Великолепно задуманный, блестяще организованный удар этот был столь же отлично осуществлен тысячами самоотверженных сынов народа. В воображении белых подпольщиков, захваченных врасплох, он вырос в нечто невыразимо страшное. Во что-то почти стихийное по мощи и неотвратимости. Он сбил замки со святая святых: с наглухо заколоченных, осененных заклятием дипломатической неприкосновенности дверей посольских зданий.
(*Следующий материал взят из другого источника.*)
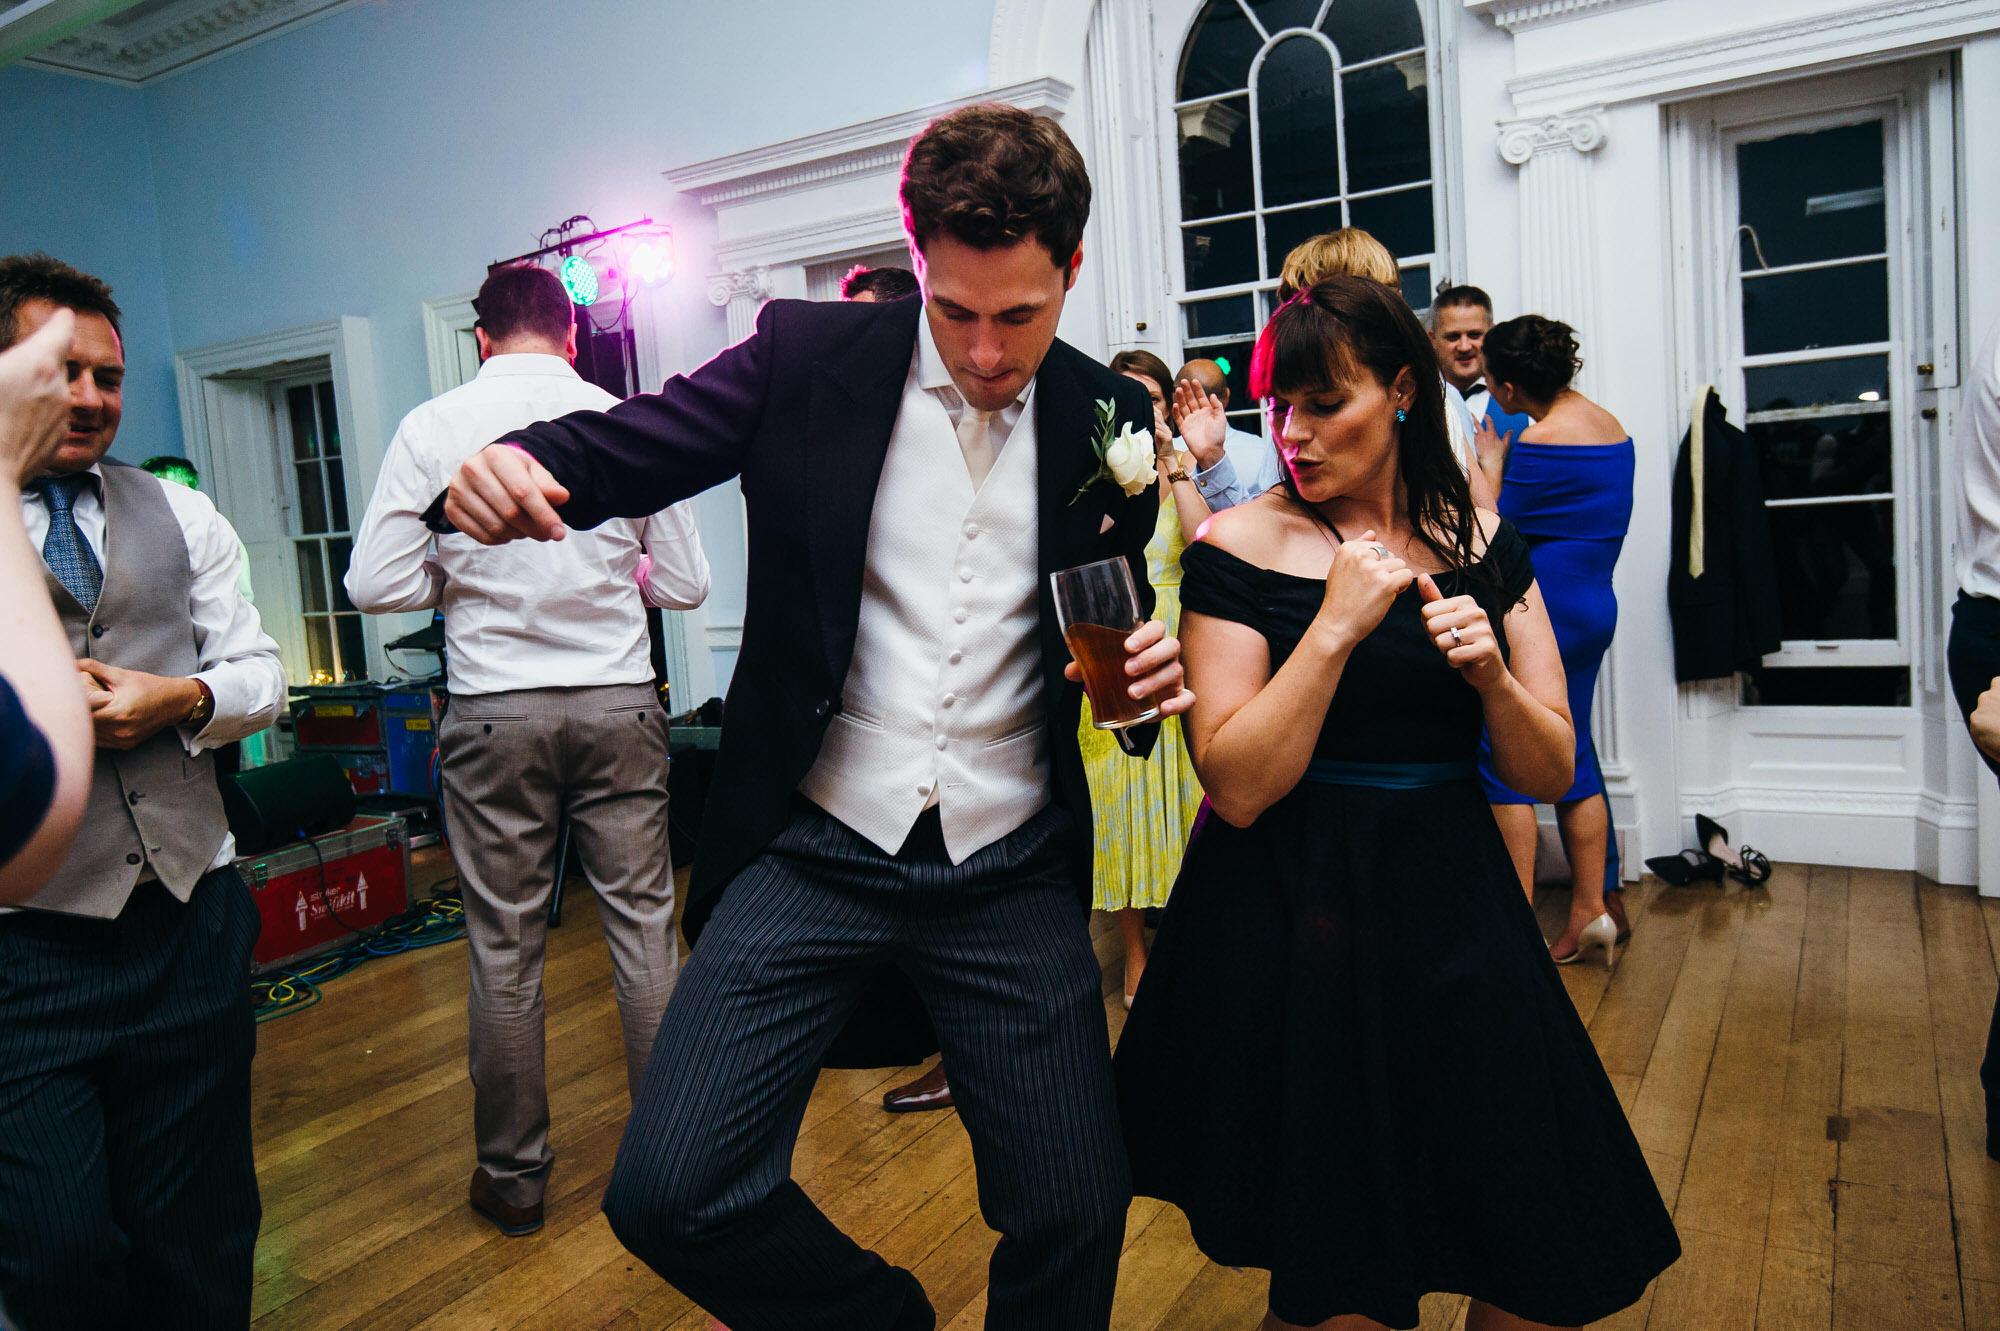 Kingswood school wedding dancing

Он вскрыл входы в экзотические консульства, в парадные «антрэ» чужеземных особняков.
Плечистые ребята в синих форменках и черных бушлатах с удивлением читали на дверных таблицах никогда не слыханные ими доселе фамилии:
— Маркиз Луис Валера де Вил-ла-син-да! Ух, Петь, ну и закручено!
— А вон, гляди: консул фан Гильзе фан дер Пальц! Тоже ничего!
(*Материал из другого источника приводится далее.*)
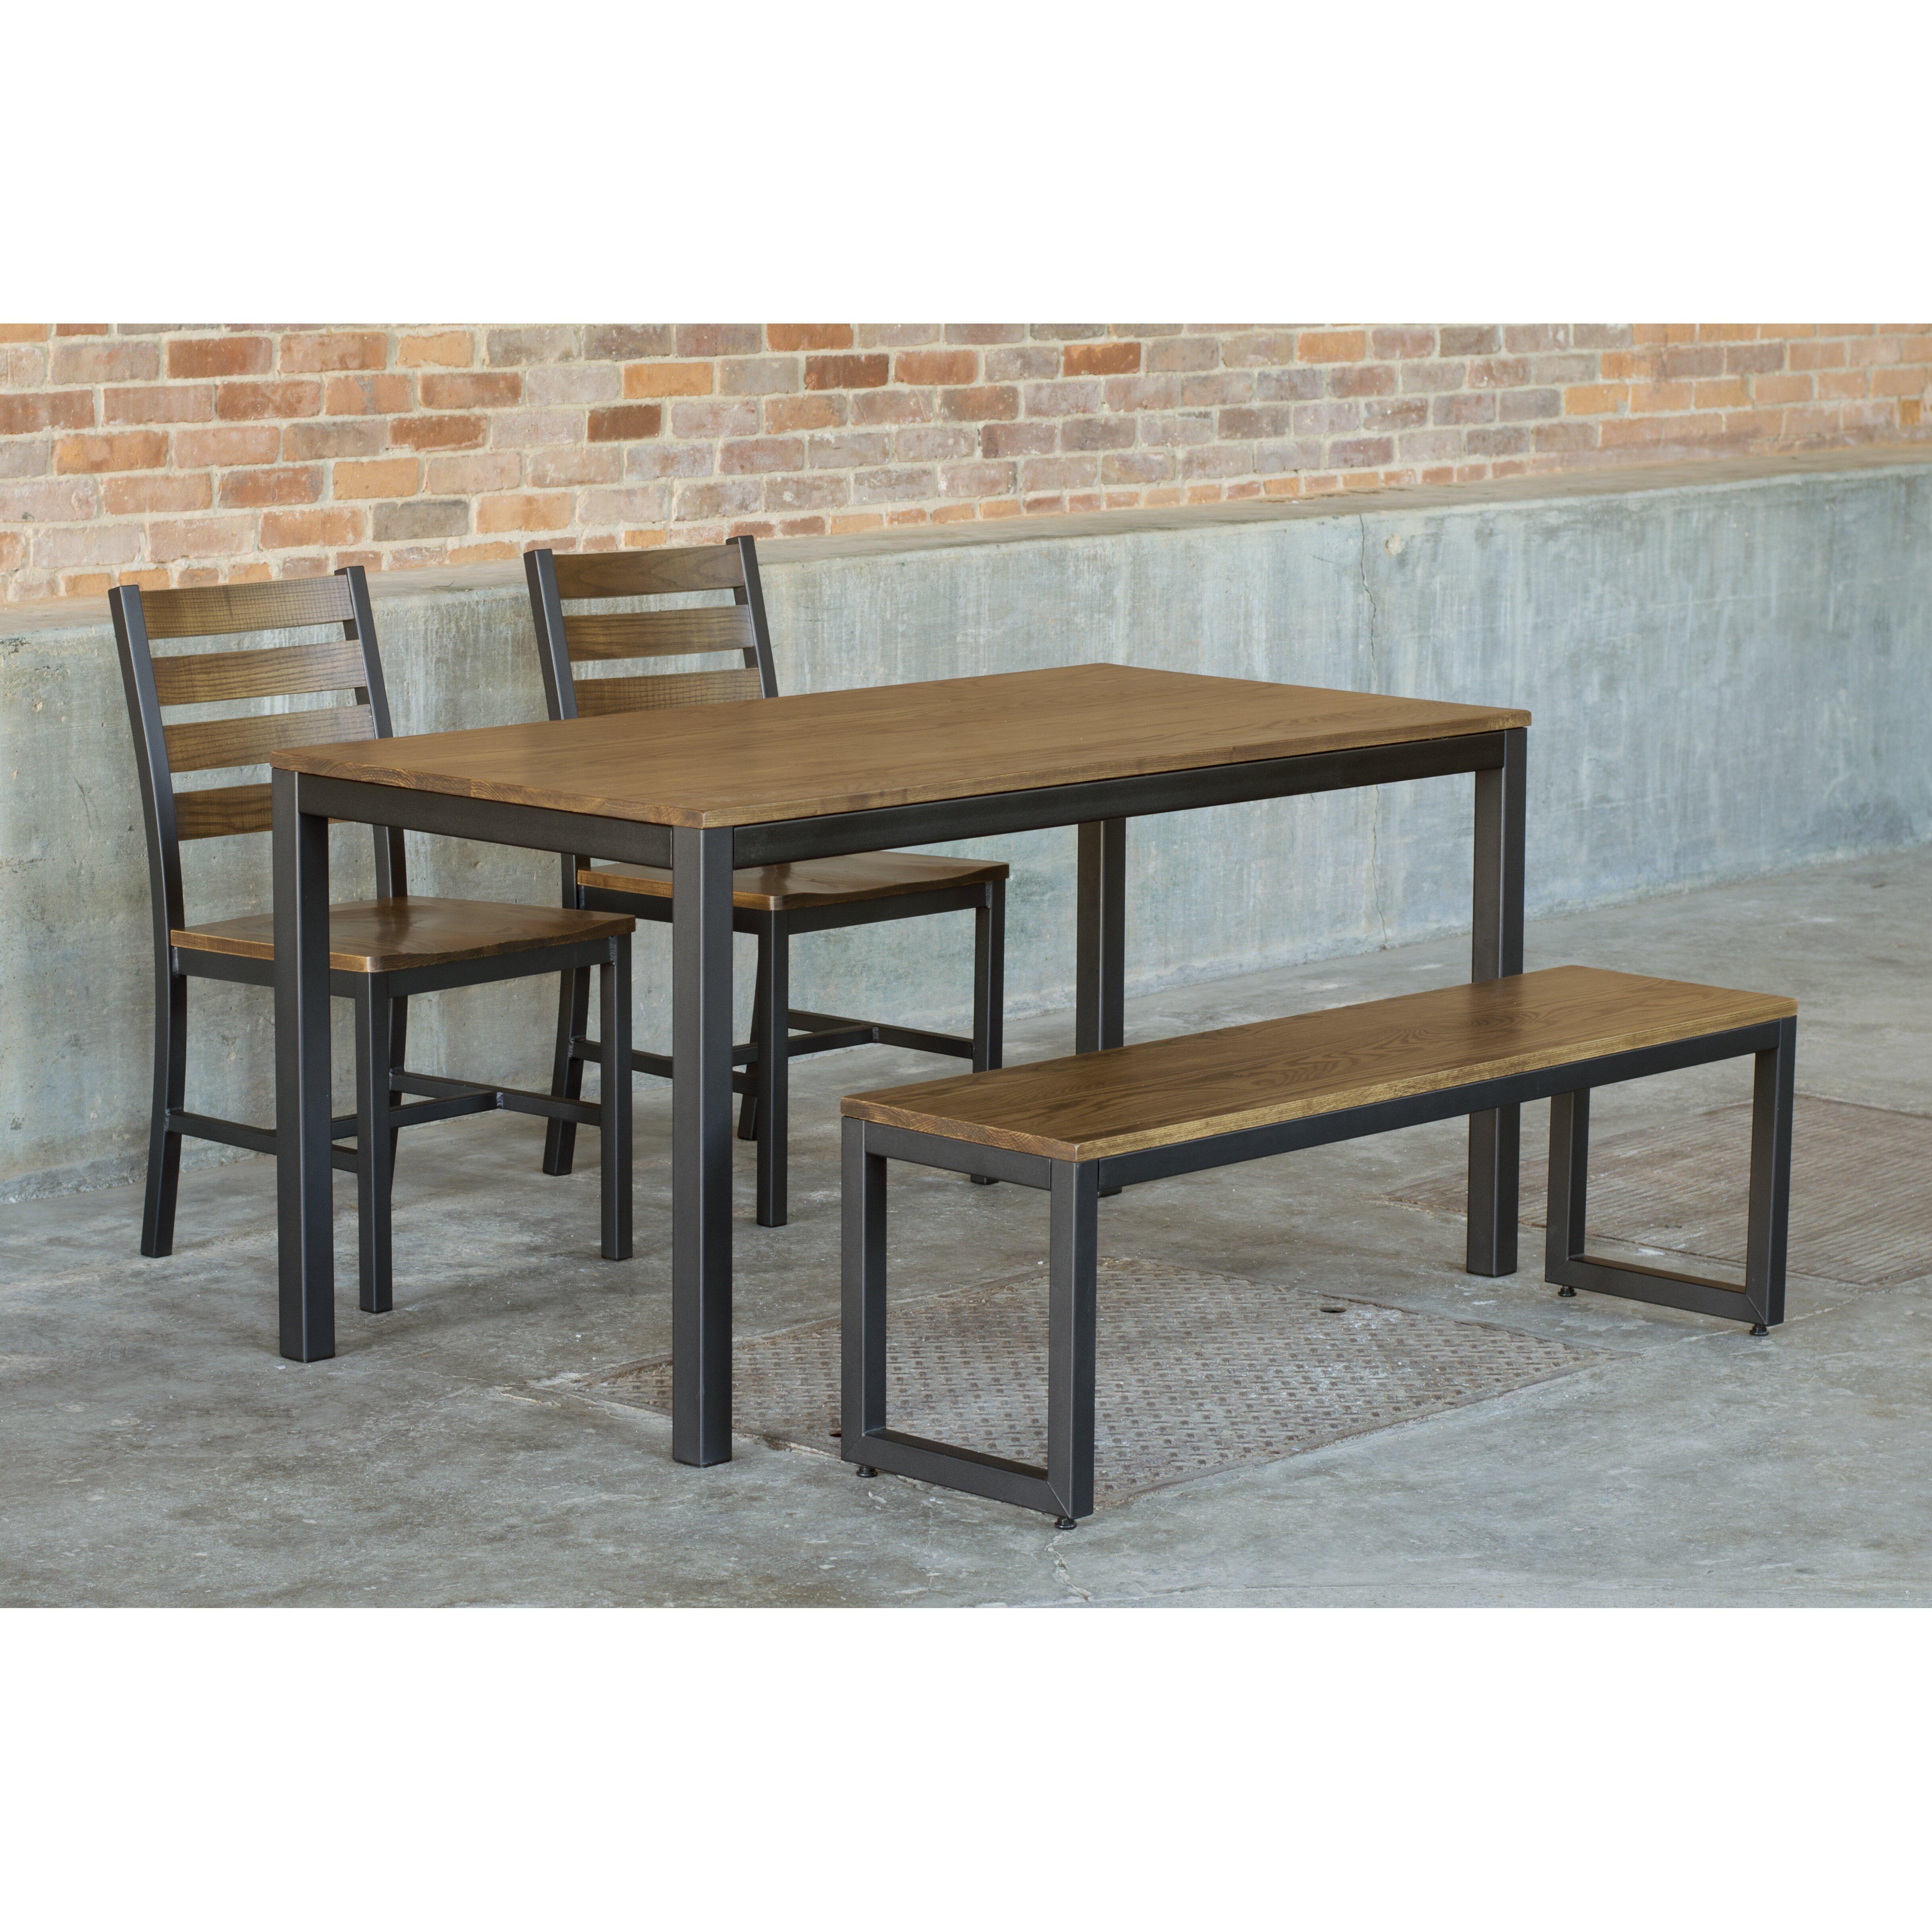 Elan furniture loft 4 piece dining set wayfair for 4 piece dining room set

— Друг! А что, коли мы эту ихнюю гильзу да нашими матросскими пальцами?
— Эй, братва! Сюды! «Полномочный министр Андреа Карлотти ди Рипарбелла»! Квартиренку тут заимел!.. Вот фамильи, натощак и не выговоришь!
Они задерживались на секунду и в следующий миг решительно перешагивали порог, шли по налощенному воском полу, отражаясь в международного масштаба зеркалах, ступая так твердо, что хрустальные подвески под люстрами вскрикивали нервно, голосами испуганных благородных девиц. Они стучались прикладами в запертую дверь: «Именем Революции! Приказываю открыть: что тут есть тайное?»
Результаты этой двуночной работы, когда данные о них свели воедино, оказались потрясающими… Стало совершенно бесспорным, что без такого сверхчеловеческого усилия великий город Революции не удалось бы спасти. Но враг был так ожесточен тогда, столь упорен и коварен, что стоило хотя бы в одном месте оставить крошечный кусочек, несколько клеточек этой слизи, чтобы из них, как только притупится бдительность пролетариата, снова начала расти та же скользкая злокачественная опухоль.
Выйдя к вечеру из дому, Елизавета Павловна Трейфельд, в девичестве Лиза Отоцкая, Бетси, постояла на углу Каменноостровского, подумала. На ее лице отразилось напряжение: ох, как нелегко все это! Что — сегодня? Ах да, сегодня — возле «Стерегущего»; от «Стерегущего» — до нового памятника Шевченке… О, господи, господи!.. Значит — хорошо, что книжку взяла.
Она нащупала в сумке томик «Курильщиков опиума» Фаррера и пошла через Карповку.
Александровский парк, заглохший и одичалый, уходил направо по Кронверкскому. Трава в нем была по пояс. Кое-где ее косили. Кто-то за деревьями звонко точил бруском косу. Пахло свежим сеном. Деревня!..
На памятнике «Стерегущему» бронзовые матросы, захлебываясь в бронзовой воде, открывали кингстоны погибающего миноносца. Лиза Трейфельд со странной тоской вгляделась в их лица. Да, эти люди знали, что делали, знали, за что они пожертвовали жизнью, знали, что хорошо и что плохо… А она?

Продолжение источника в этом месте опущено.